By Rachel Olsavicky
The majority of facilities are returning to pre-pandemic levels of attendance. Several global cities have reached at least 75% office occupancy and air travel is projected to rapidly recover to previous levels in 2023. Citizens have resumed their recreational activities and travel with a flourish post-COVID and their expectations for the safest, cleanest experiences in facilities endure, especially in restrooms.
According to a 2021 survey, 88% of Americans said they find themselves evaluating the cleanliness of businesses they frequent, and 59% state that they’re concerned about germs in places like the restroom and other common areas. As we all know, there’s nothing more frustrating than attending an event or traveling via public transport just to realize your only nearby option for a restroom is an unhygienic one. Facility managers must remain hyper-focused on assuring safe, clean and secure environments for the general public.

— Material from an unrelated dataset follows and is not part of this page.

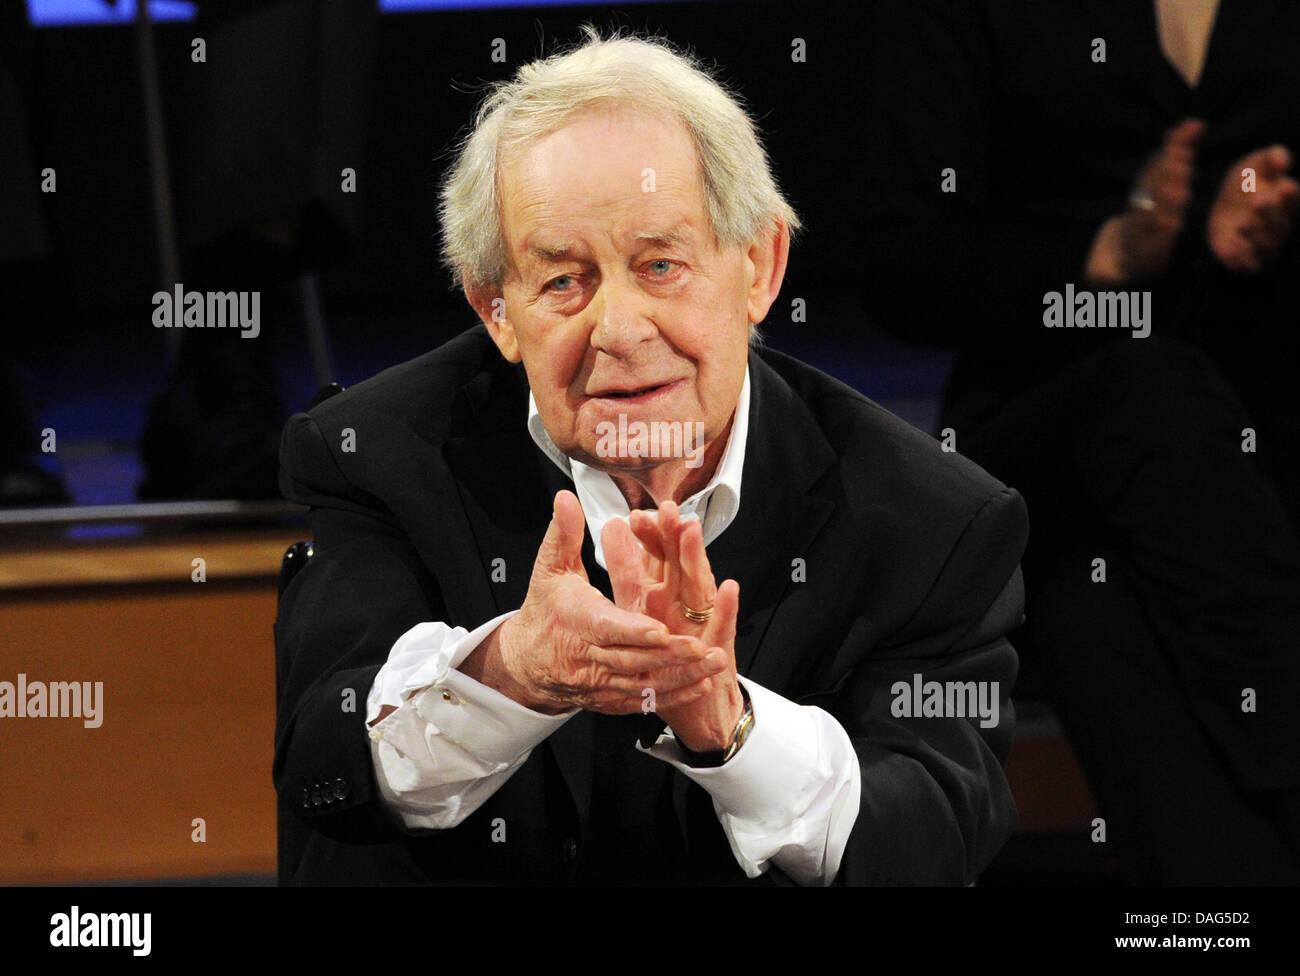 """L'auteur allemand Siegfried Lenz parle pendant une matinée à l'occasion de son 85e anniversaire à la NDR studios à Hambourg, Allemagne, 20 mars 2011. Lenz a écrit sur l'histoire de l'Allemagne dans des romans tels que """"eutschstunde' ou 'Heimatmuseum'. Photo: Angelika Warmuth Banque D'Images"""

Restroom Hygiene: Understanding Consumer Preferences
By incorporating paper hand towels into their supply, facility managers can provide end-users the reassurance of a hygienic restroom experience.
With the national population so tuned into restroom hygiene, it’s important that facility managers gain a complete understanding of where the preferences of today’s public lie. For example, what many facility managers may not recognize is that nearly 7 in 10 users prefer paper hand towels instead of air dryers, and 41% are less likely to go to places that do not offer paper hand towels as a hand drying alternative. More and more people are catching on that jet air dryers spread 10x more bacteria than paper hand dryers. Some companies and even entire countries, including Germany, are requiring the use of paper towels over air dryers. By incorporating paper hand towels into their supply, facility managers can provide end-users the reassurance of a hygienic restroom experience.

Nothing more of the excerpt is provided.